I see I have posted nine entries in just over a year ('entries' often understood as a completely irrelevant picture), so I am thinking I may not after all enter myself for Blog of the Year contests.
However, things have happened:
I have lost more hair
I have replaced coffee-and-whisky in my classes with fruit juice-and-water
I have lost a few million neurons (I can't calculate how many exactly because I don't have enough neurons left to perform the calculation).
On the writing front:
BROKEN SYMMETRIES, a book collection of my short stories, was published a few weeks ago. I have already posted pics of the beautiful cover. As for the contents, a visit to:
http://www.doghornpublishing.com/symmetries.html
will give you more information, blurbs by Marvellous People Who Should Know, etc. And will attempt to guide your vacillating hand towards that pocket overflowing with loose change. If you buy Rhys Hughes' MISTER GUM at the same time, you get (gosh!) a discount.

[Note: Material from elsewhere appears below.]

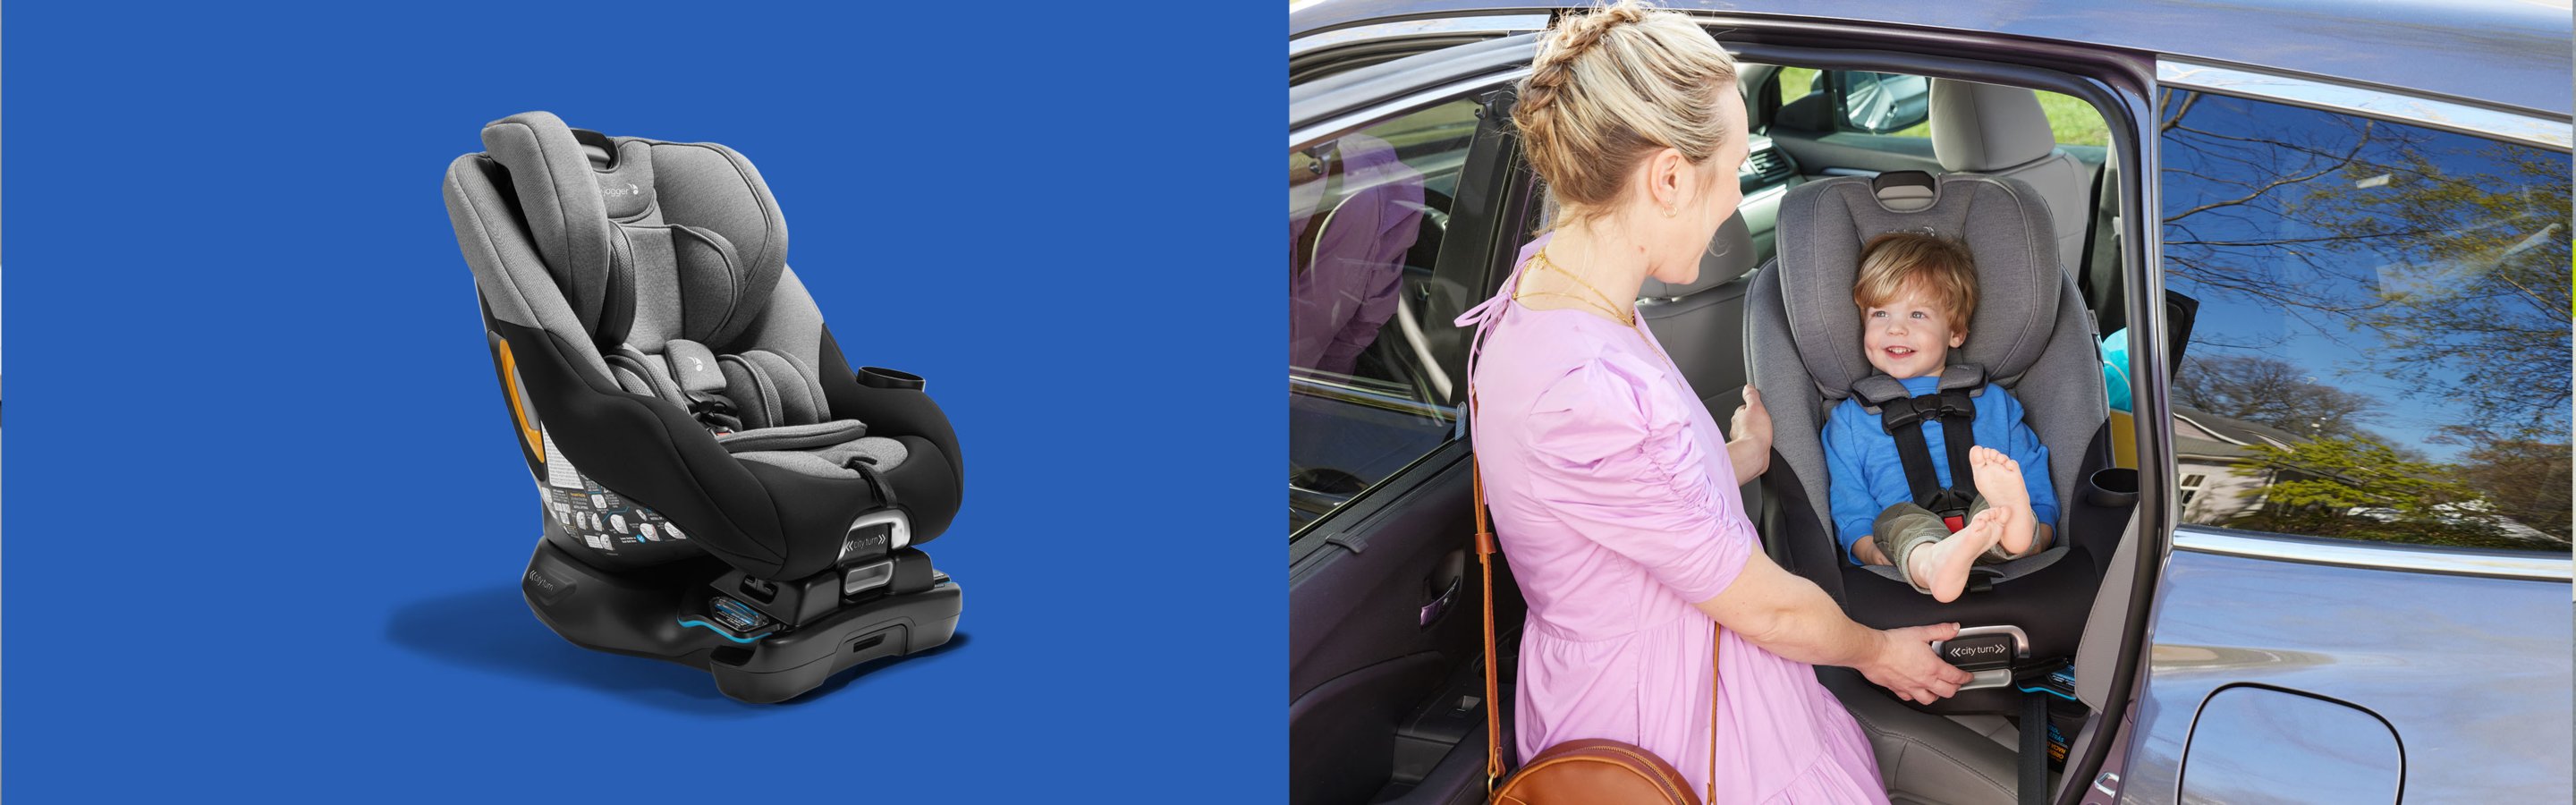 Car seat accessories and On the Road items designed by Little
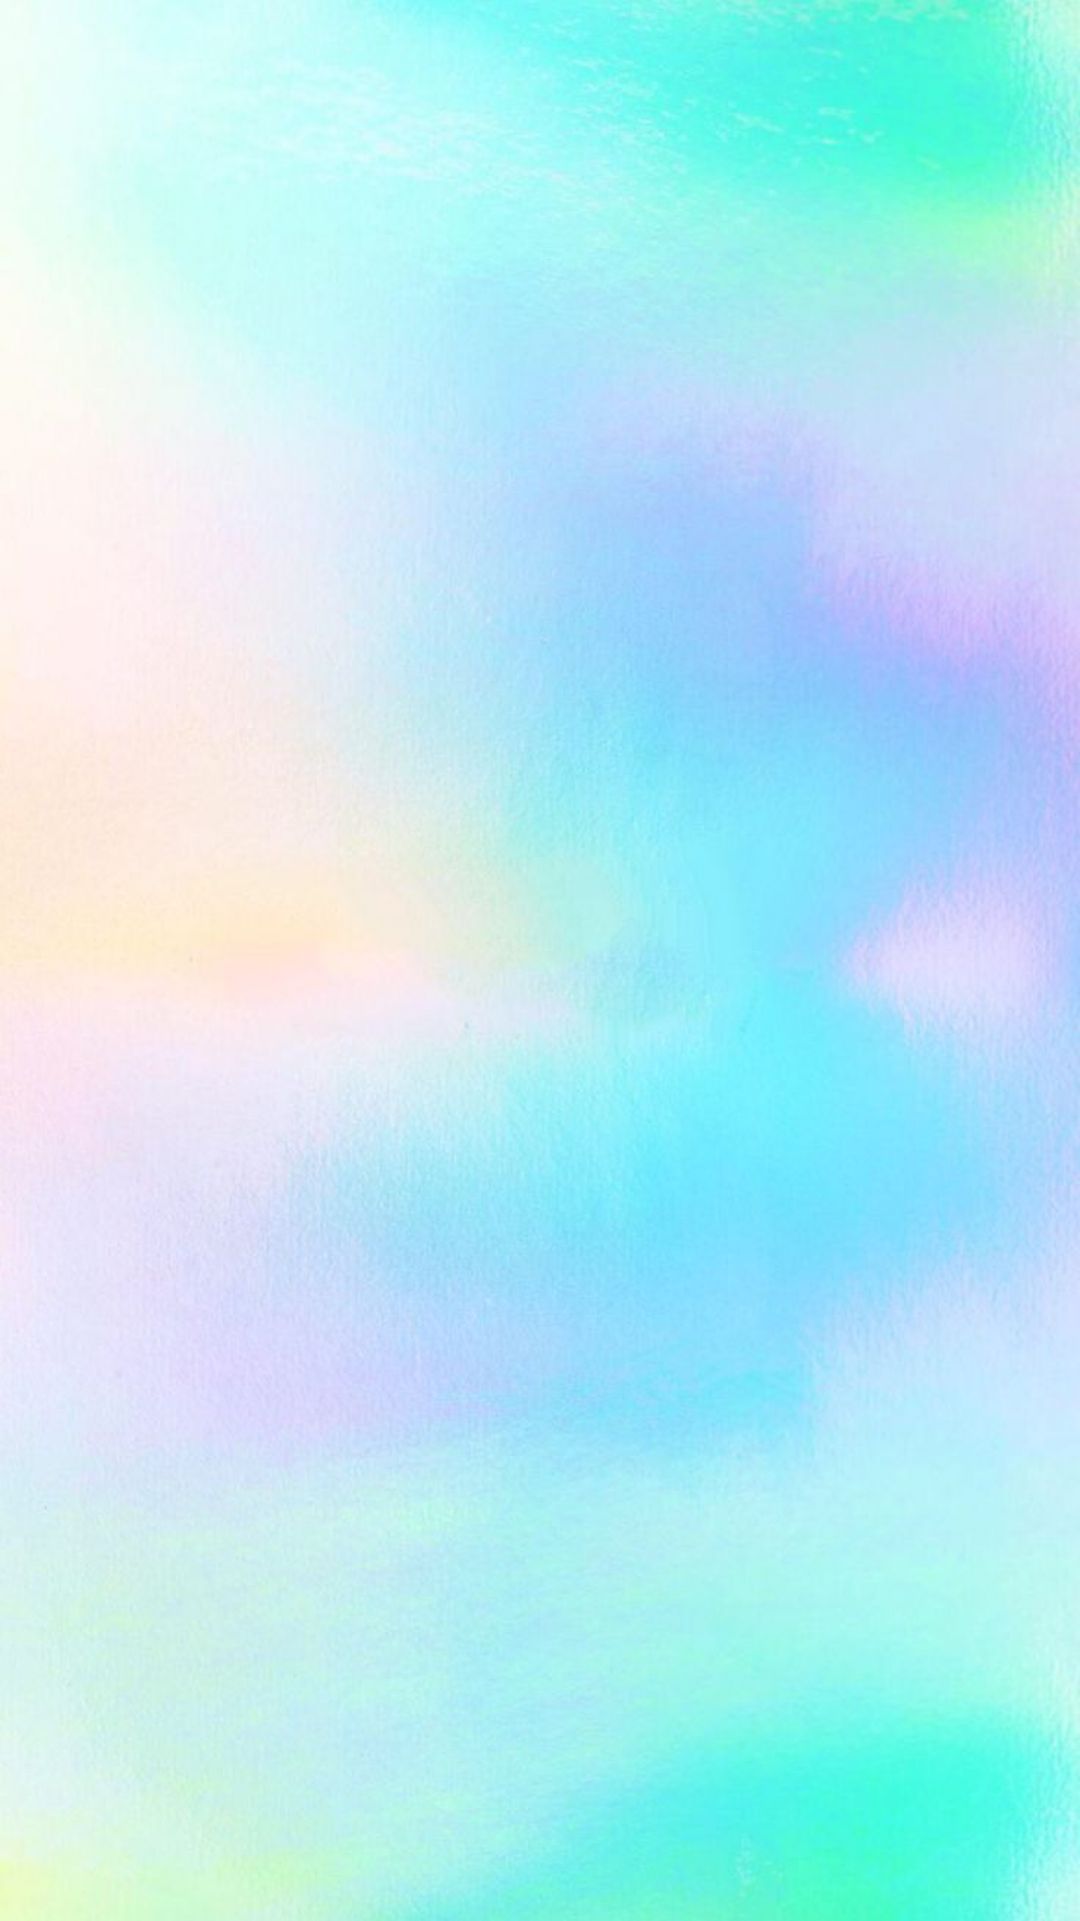 A colorful abstract background with water droplets - Pastel rainbow

If you choose to buy MISTER GUM and not BROKEN SYMMETRIES (despite the undeniable prettiness, and my cunning manipulation of the font size here, of my title), you get shot, strangled, or stabbed, depending on the prefered technique of the person I hire.
So far, only two reviews:
http://www.leedsguide.co.uk/reviewsfull.php?id=12022
http://www.goodreads.com/book/show/6496173-broken-symmetries
(This review is also more entertainingly available in the downloadable TQF magazine:
http://www.silveragebooks.pwp.blueyonder.co.uk/mag/tqf/tqf_30.htm
Things have a habit of suddenly disappearing (or never even appearing) when I try to write something on the Internet, so I'll leave till later the news about the Spanish Cleopatra, my recalcitrant toenail, and a forthcoming appearance (of part of Fisher of Devils, not my toenail) in a book designed for Mexico City Police training. I kid you not!